Back to about being sad for being 30.... few days ago, I was chatting with a friend and she say.... Yeah, we are 30, and Let's Celebrate it!

And that statement actually cheers me up..... and I was thinking...
Ya, what the heck for being 30???
So what if I am 30 and still Single?

I am happy. I am very close with my family and I have a bunch of close friends, and a complicated & crazy best friend.

So, forget about the 3S' pathetic opinion.... I think it must be written by someone whom is Married, and probably in his 30s also, but not as successful as the Single 30s women.....

So, out of "red-eye"...., he labeled all the women in their 30s.... 3S!

I say..... Let's celebrate for being 30!!!

We are Young, Sexy, Successful, Attractive & Energetic.....

Friday, January 2, 2009

2009's Resolutions

Yeah, I am going to blog about it, so that I remembers and shall keep reminding myself on the GOALS or WISHES I have for this year.

1 - To be happy or happier than 2008.

2 - To complete Skytrex thingy @ Bkt Cahaya
(KC, hopefully you will have some time to spare to bring me there before your wedding or before your KB girl come to KL., which you will then be even more occupied than now)

3 - To climb Mount Kinabalu
(well, this is tough... but I hope KH will join ya...)

4 - Water Rafting @ Gua Tempurung

5 - To achieve my sales Quota set by myself.
(hopefully by third quater....)

6 - To do Europe Trip, at least to Paris, Amsterdam & London
(Waiting for Luuk to get a job so that can "sponsor" my food in Amsterdam, and waiting for LS' home to be ready, so I can go and mess it up.....)
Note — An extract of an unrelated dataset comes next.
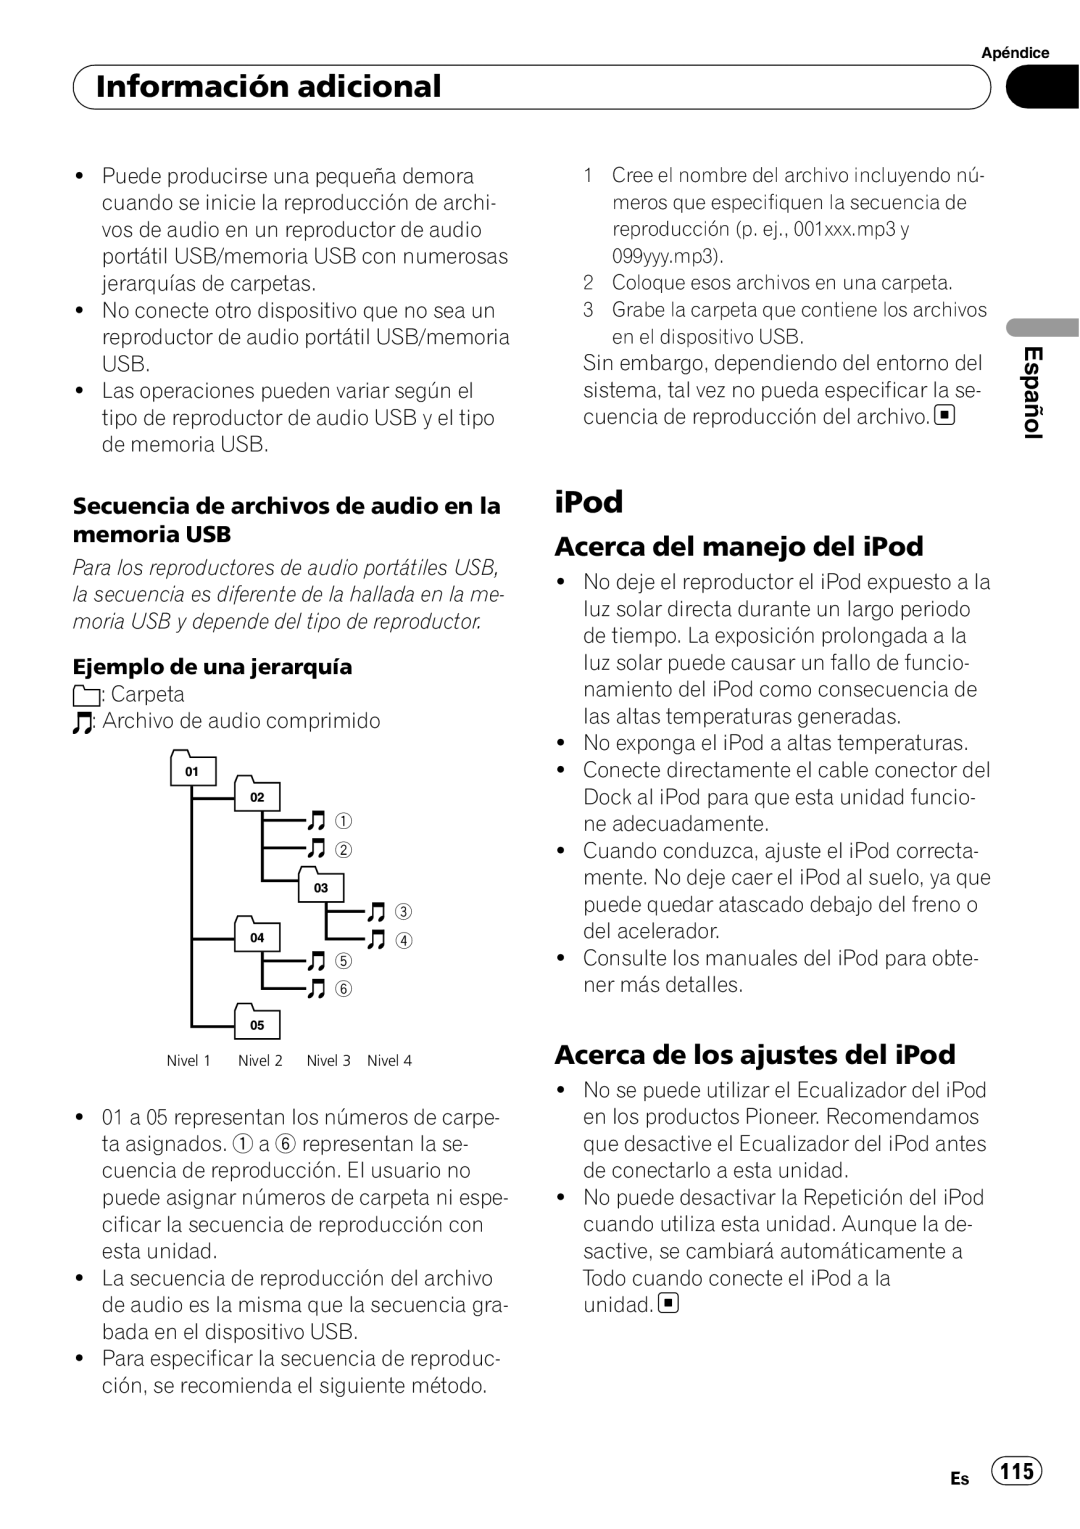 Pioneer DEH-P6000UB Acerca del manejo del iPod, Acerca de los ajustes del iPod, Información adicional, Español

7 - To streamline my business and company's operation.
(this is important... so that I will have more ME-TIME)

8 - To have sufficient savings so that I don't feel poor....
(I don't have very high expectation.... enough to spend, enough to take care of my apartment's loan...... )

9 - To Love and Be Loved.

10 - To sponsor a child on World Vision
(http://www.worldvision.org/home.nsf/index.htm : a friend told me that its only about RM50 / mth to sponsor a child..... all I need to do, is eat less one-luxurious meal for the sake of a child. I think its worthwhile...)

11 - Spend more quality time with my family and friends.

12 - To get PADI
(there are numbers of Diving Sites that I want to go... but can't due to I haven't got my PADI and also need to take care of my SINUS' issue.....)

13 - Get INKED

I guess that's all I can think of for now....... I do hope that I can achieve all the goals or wishes that I set for this year......

I did it Again...

Yeah, I did it again. I marked my New Year with a hiking trip.

I did it with a group of friend on 01.01.06 and now i am doing it again on 01.01.09.